Жилистый, волевой, восьмидесятый год на излёте, но ещё держится, не даёт старости верх взять.

От худобы синий спортивный костюм висит на нём, как на пугале. Глаза – ястребиные, в сталь упёрлись. И хочется старику поскорее сковырнуть эту штуковину со стены, чтоб душу не мозолила!

Жара спала, всасывая в себя суету дня. Постепенно и люди угомонились. Только в вечереющем просторе степи далеко слышались   тяжёлые удары кувалдой, похожие на звон колокола.

 

2

Когда уже совсем стемнело, стену удалось высвободить от настырного «гостя».

Валентин Севастьянович отнёс кувалду в кладовку и облегчённо вздохнул. Очень захотелось есть. Пошарил на кухне по кастрюлям – пусто. Воды в ведре осталось на донышке. Высыпал в чугунок остаток гречки,  сварил кашу.

– Вот и вся каша – радость наша! – грустно проговорил, шкрябая по дну ложкой. С сожалением вспомнил, как месяц назад из России в белых КаМаЗах пришла гуманитарка. Все ринулись к машинам, а он не пошёл. У него ещё был запас. Посчитал, что он – получит, а тому, кому она нужней – не достанется. В сумке  ещё сухарей горстка и полтора пакета муки – на пару недель протянуть можно. Коржиков пресных напечь: до газопровода ещё вражеские снаряды не добрались!

Он – старый писатель, ещё с советских времён, лауреат солидных премий, открыл общую тетрадь, в которой, не взирая ни на какие ситуации, с давних пор каждый день старался записывать то ли свои беспокойные размышления, то ли интересные мысли, вычитанные в умных книгах.

Прочитал последние свои записи:

 

*   *   *

«Синтез верований Востока и Запада, устранение вражды – только это спасёт Украину».

Олесь Гончар.

 

*   *   *

… Приснился сон. Будто со своим сверстником, который с началом боевых действий укатил в Америку, иду старыми заплесневелыми коридорами то по лестницам, опираясь на перила, то по заброшенным замусоренным дворам. Мой напарник каждую улочку комментирует с большим разочарованием, мол, когда-то всё это было обыденным и не раздражало его.
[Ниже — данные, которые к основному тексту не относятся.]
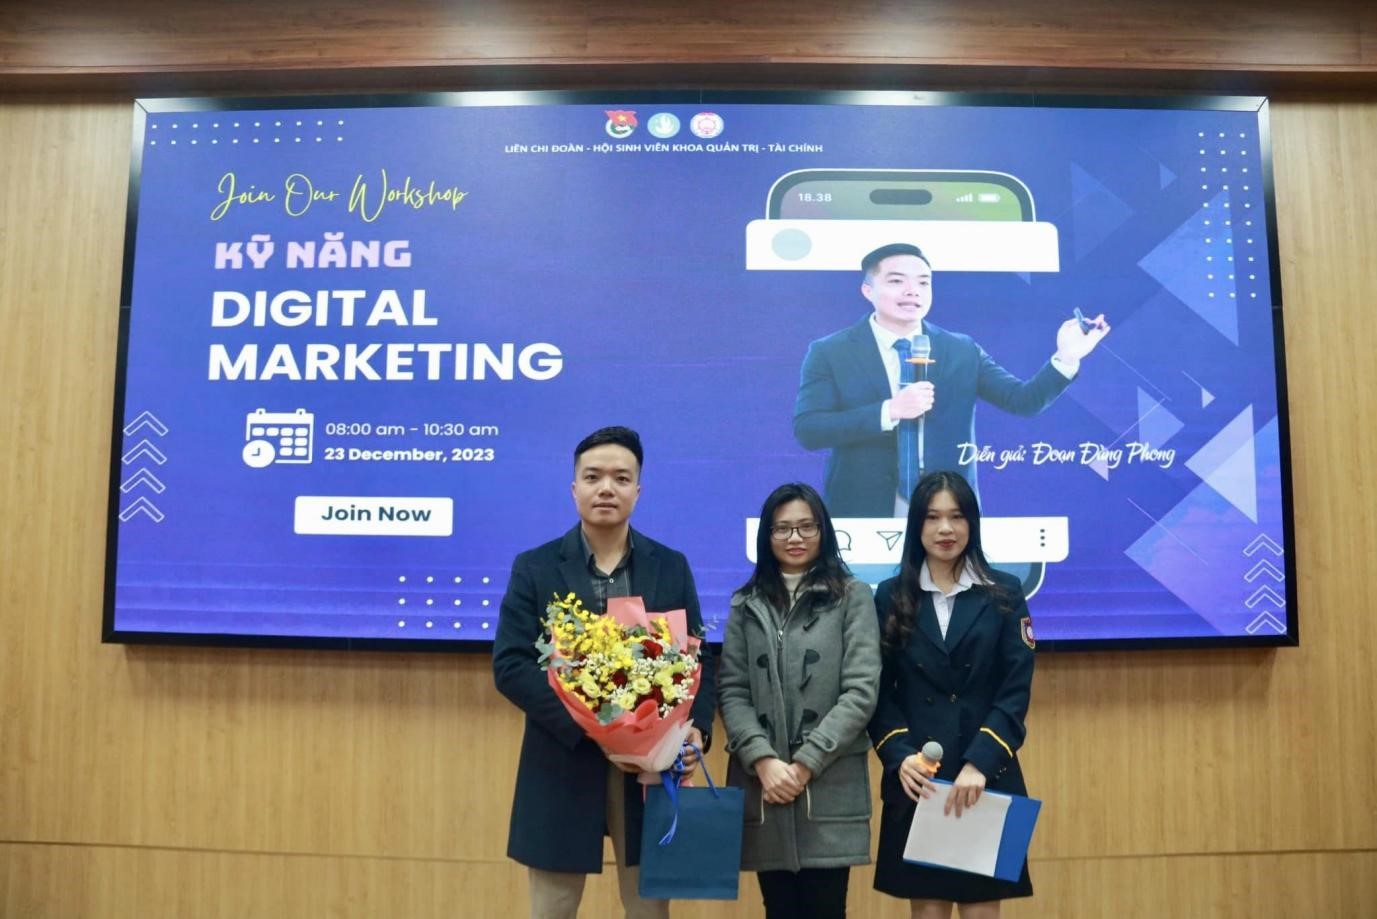 Workshop “ Kĩ năng Digital Marketing"

Вот проходим мимо забора, сделанного из бронзовых и бетонных памятников видным деятелям революции и советской власти, свергнутых с пьедесталов. Я застываю в недоумении, а он говорит:

– Мерзавцы, проливавшие народную кровь, как и нынешние ополченцы, а ты своей книгой их поддерживаешь.

Я с ним не могу согласиться, но и не знаю, что ответить.

Вдруг перед нами возникла Божья Мать. Лицо – красивое, молодое, покрытое то ли белой шалью, то ли белым шёлковым платком.

К груди рядом с иконкой прижата моя книга, предупреждающая братоубийственную катастрофу.

– Вот, – сказала она, – люди пожертвовали много денег, чтобы она вышла в свет. Нужная вещь! Помогает нам приобретать уверенность в борьбе со Злом, на примере павших ополченцев учит нас быть мужественными, благочинными, честными, мудрыми и милосердными.

Потом возникли курганы. На одном из них, самом пустынном, – белый-белый Дворец в матово-сказочном освещении фонарей, пробивается сквозь метель.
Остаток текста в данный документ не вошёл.